■ **PROVIDED MATERIAL**:
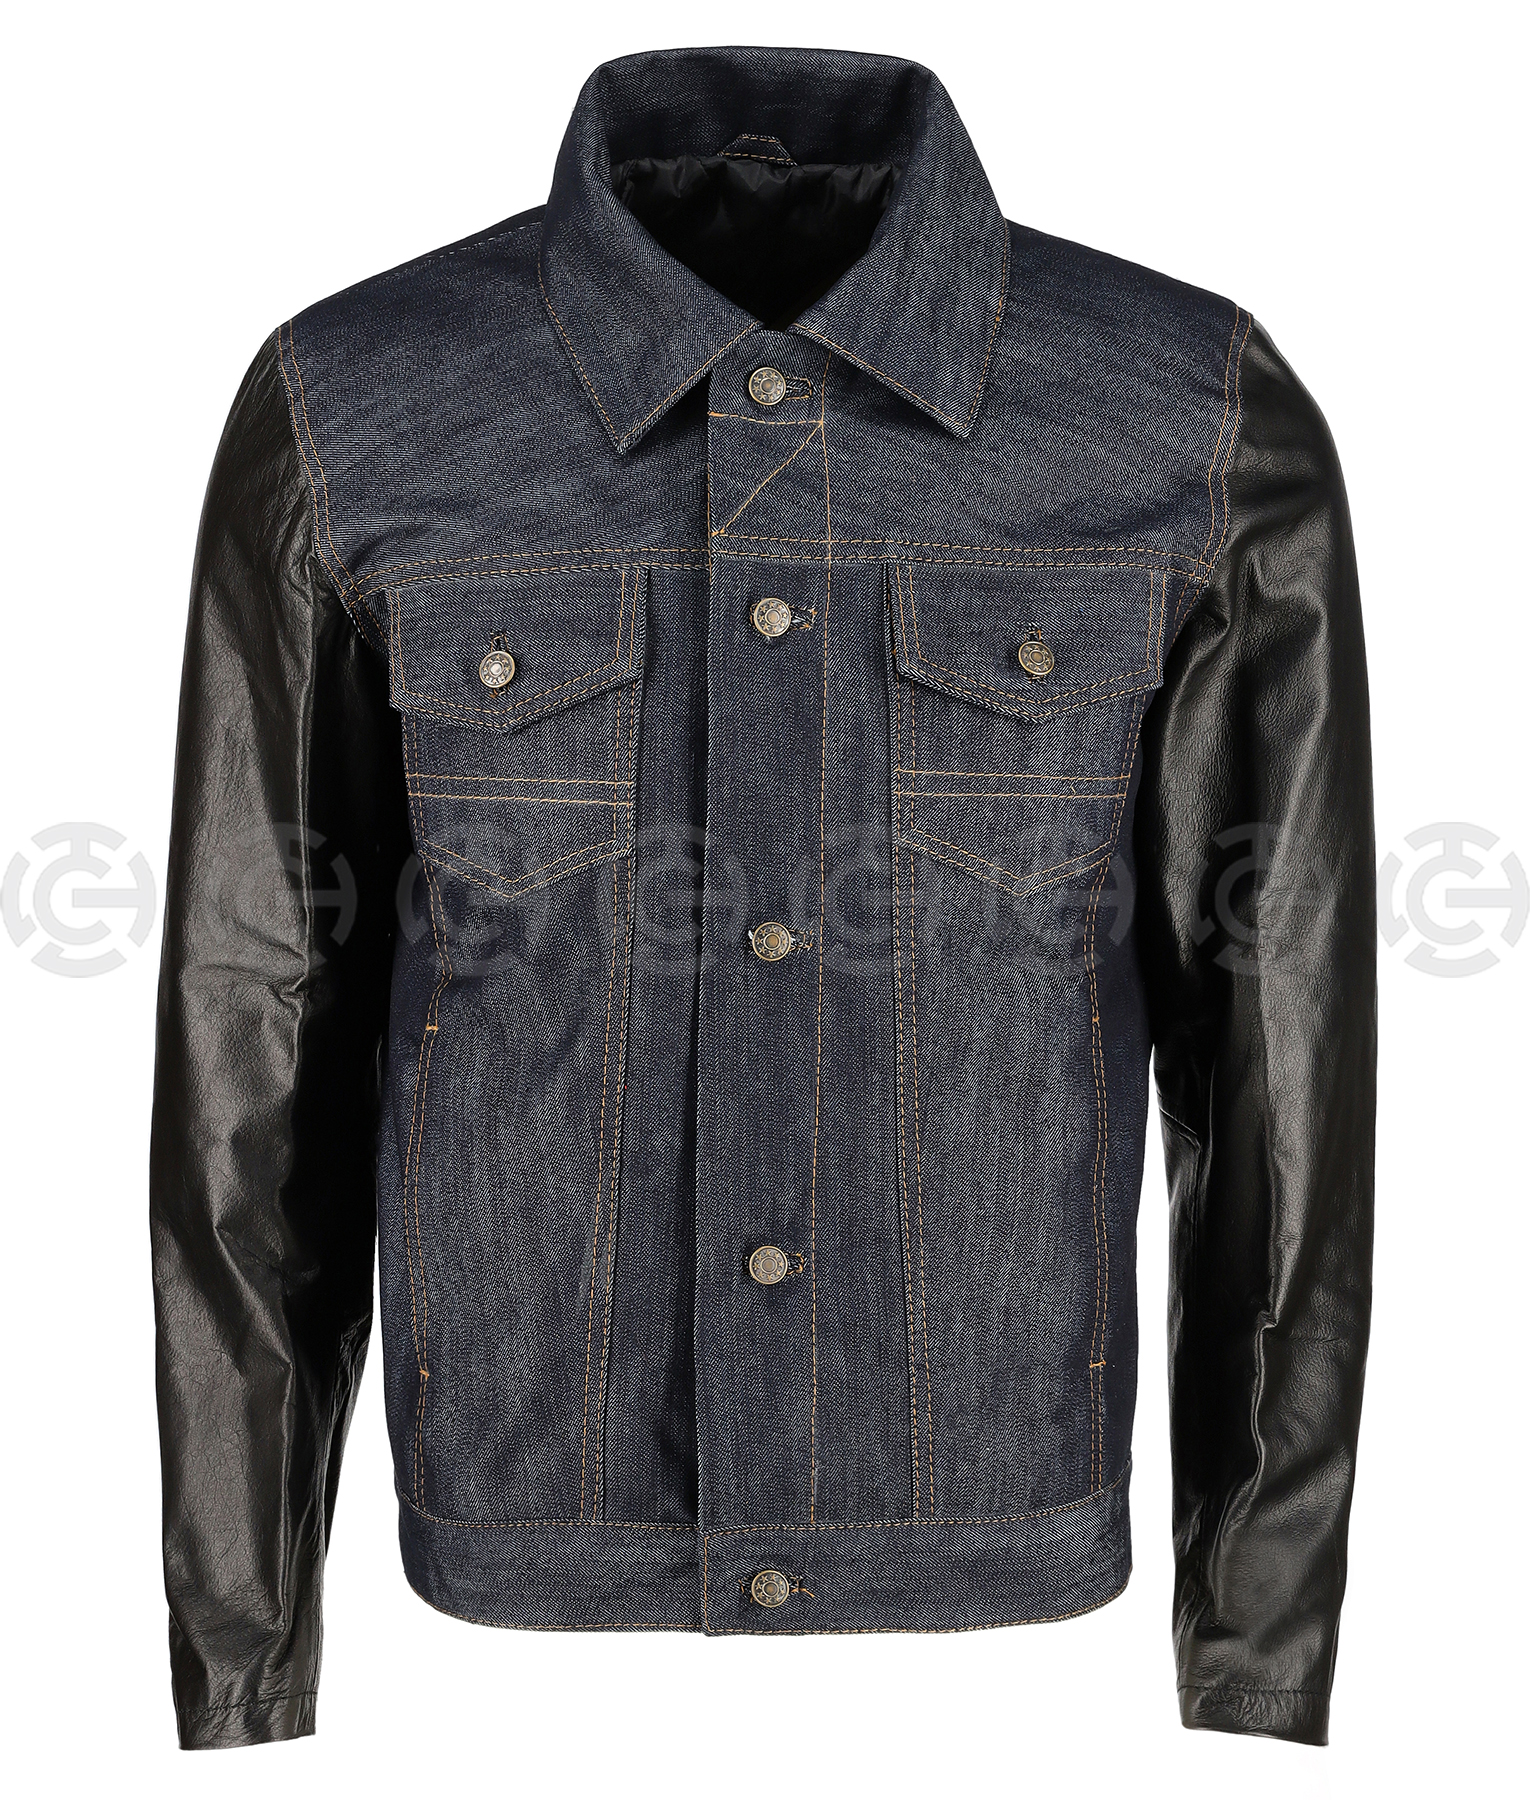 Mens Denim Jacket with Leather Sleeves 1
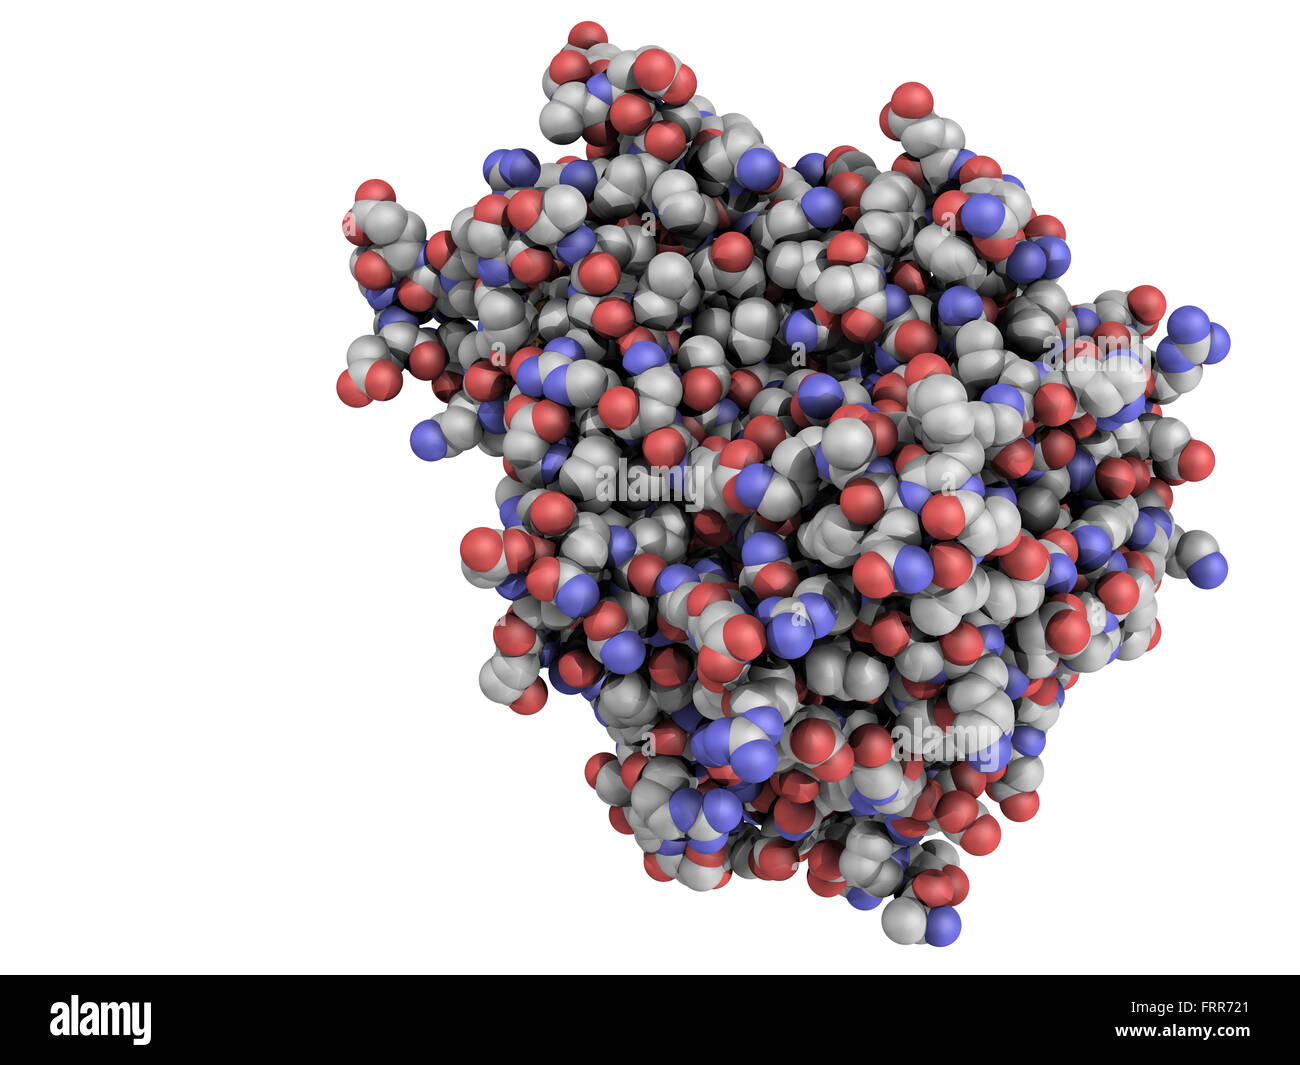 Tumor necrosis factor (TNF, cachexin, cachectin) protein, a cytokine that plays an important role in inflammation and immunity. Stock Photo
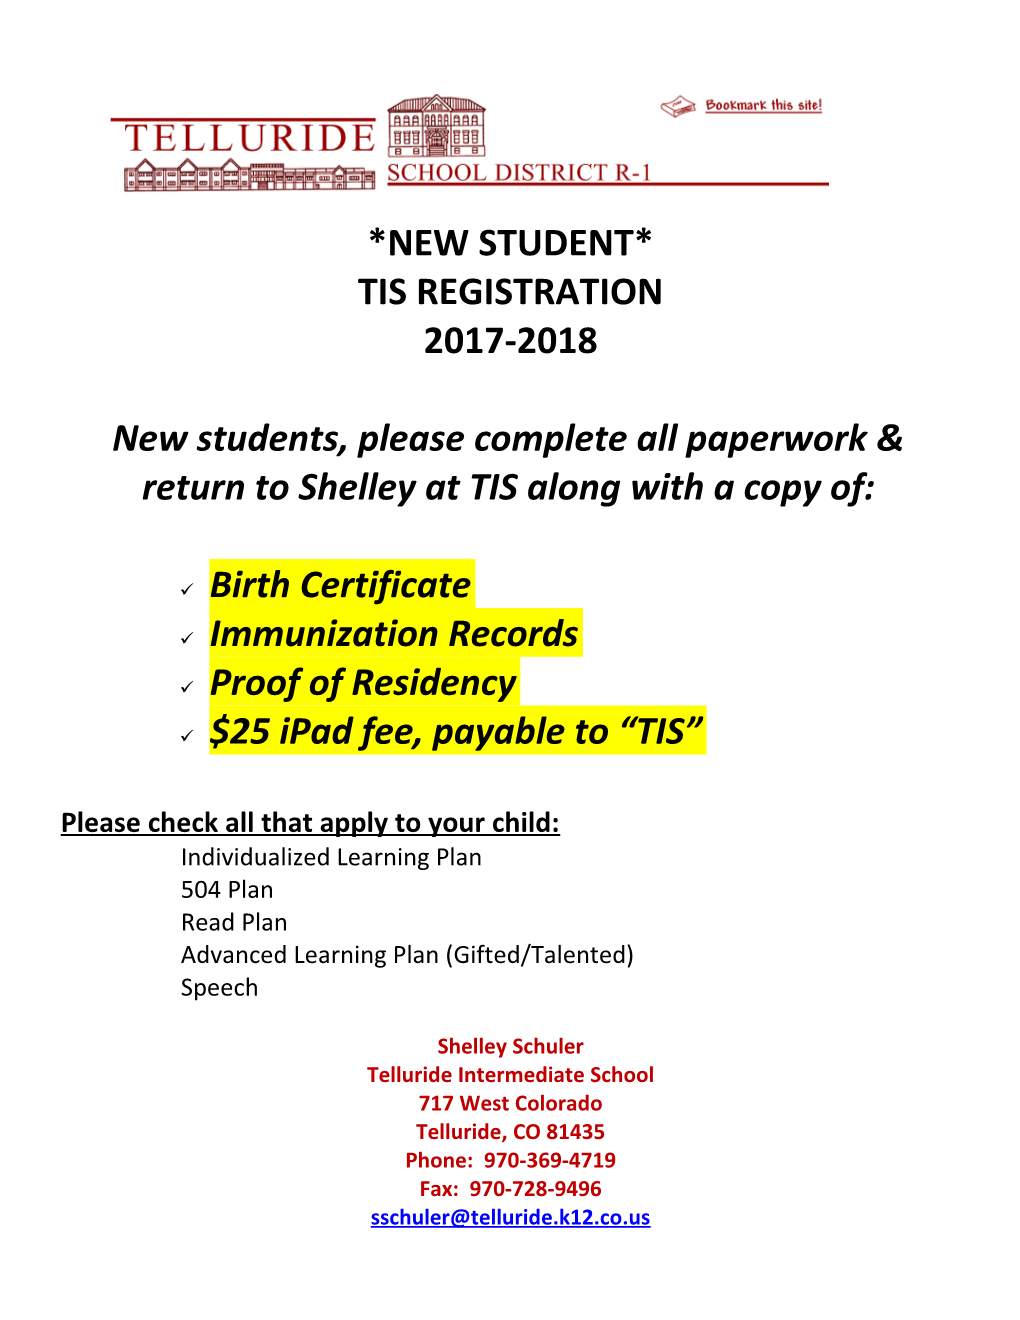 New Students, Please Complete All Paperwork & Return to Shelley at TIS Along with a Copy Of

■ **WHAT YOU HAVE TO DO**: Images are to be omitted; repeat the remaining data above exactly.

■ **RESPONSE BOX**:
 Mens Denim Jacket with Leather Sleeves 1
 Tumor necrosis factor (TNF, cachexin, cachectin) protein, a cytokine that plays an important role in inflammation and immunity. Stock Photo
 New Students, Please Complete All Paperwork & Return to Shelley at TIS Along with a Copy Of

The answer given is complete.